Cultural differences /Language barriers
You always get moments on tour when cultural differences or language barriers create mildly amusing situations. Last year we had Kypros Michael ordering a quickie instead of a quiche in a Belgian restaurant. This year it happened underground, in the Wellington quarry/tunnel and involved the word ‘helmet’, guaranteed to induce tittering in schoolboys and footballers. This is how it went:
Female French tour guide: “Look up and hold on to your helmets”. Steve Blanchard (three seconds later): “Oops, wrong helmet”
Other Tour highlights
I cannot say it was the Champions League Final. But on the same day we were able to witness a socio-political event which is rare under our system. I refer of course to a political march/demonstration so common in France. Saturday was a big day for anti-Macron protests. Trades unionists, SNCF workers, public sector workers, refugees and asylum seekers, the unwashed all seemed to be in it.
Phil Anthony’s jokes were as expected. Here is a sample:
• What do you call a fat psychic? Answer: A four-chin teller.
• Patient: Doctor I think I am going deaf. Doctor: Which ear is it? Patient: 2018
There is a beer for the reader who can attribute the highest number of the following quotes correctly:
I have plenty of lube.
I was expecting something bigger.
They are marching for better showers.
Pat, look there is a saga coach over there.
We should go on Segway football tour next year.
Why haven’t India won the football World Cup?
Who dropped their guts in the tunnel?
No melted cheese on my burger please. I don’t like the word melt.

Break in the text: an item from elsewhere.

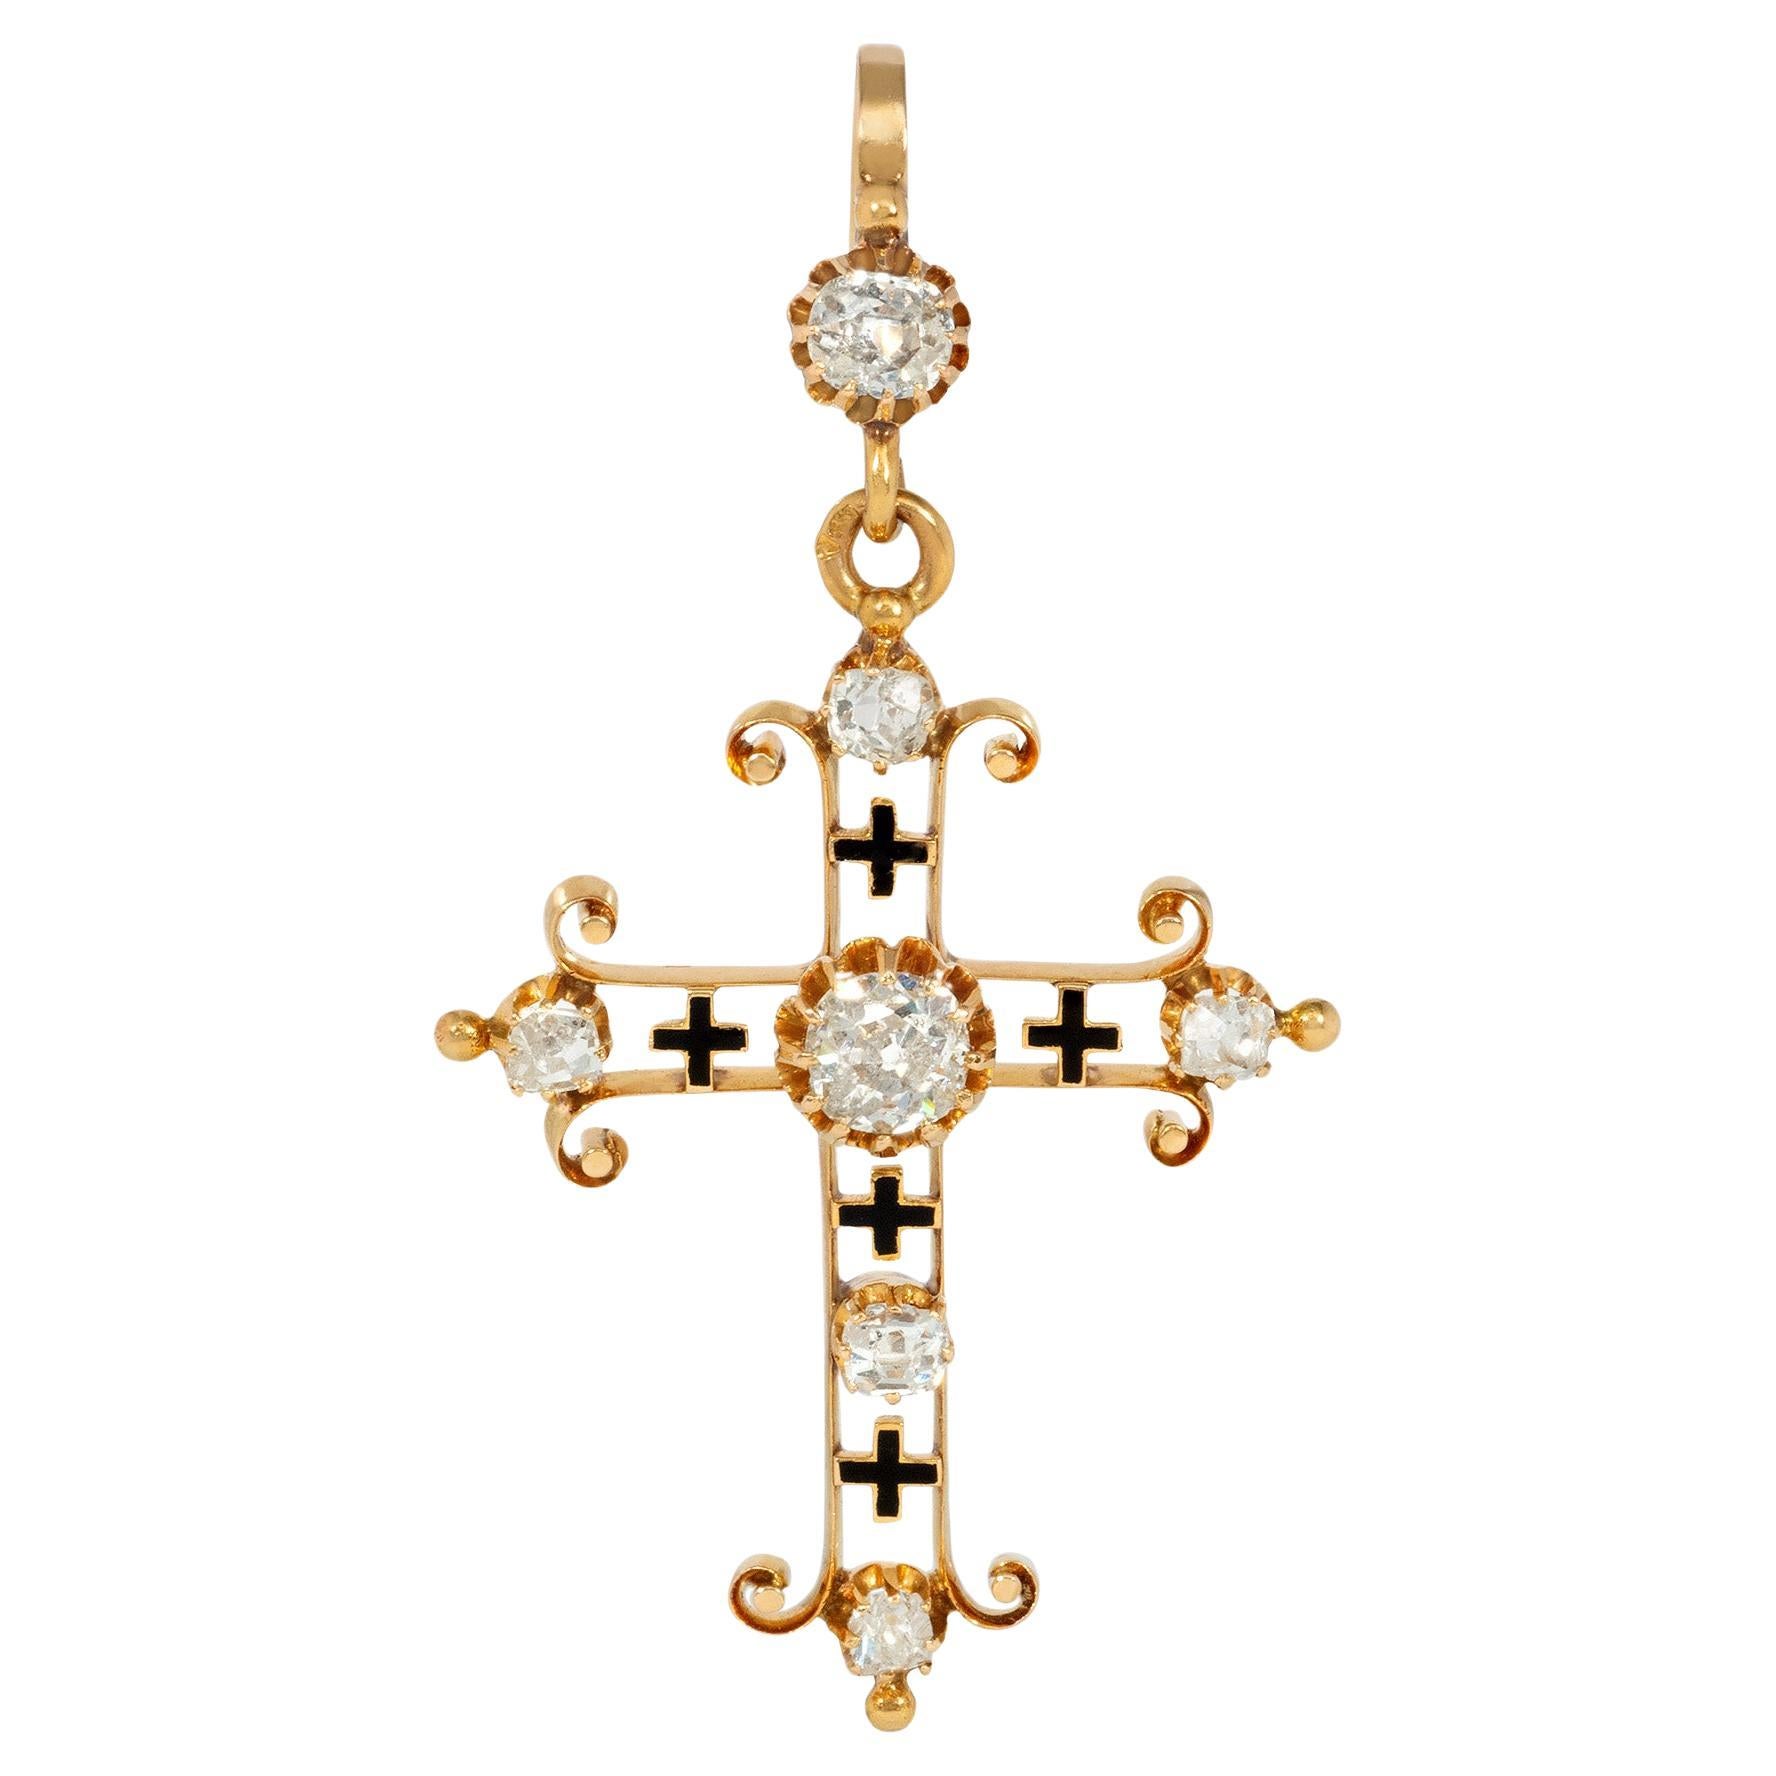 French Antique Gold and Old Mine Diamond Cross Pendant with Enamel Accents

Don’t put your head in your hands (Karius) you’ll drop it
Getting back (28 May)
We took the opportunity of an earlier crossing than planned. There was no time to visit the tunnel terminal for a bit of shopping. Peter Harvey knew he was back in England when he lost his broadband connection. There was time for a swift half in the clubhouse.
What goes on tour stays on tour
I wish I could tell you more. If I did I would be banned from next year’s tour. Mrs M has already queried two crafty references I made to next year’s tour within half an hour of getting home, whilst noting that I did not bring back the big box of chocolates I had promised.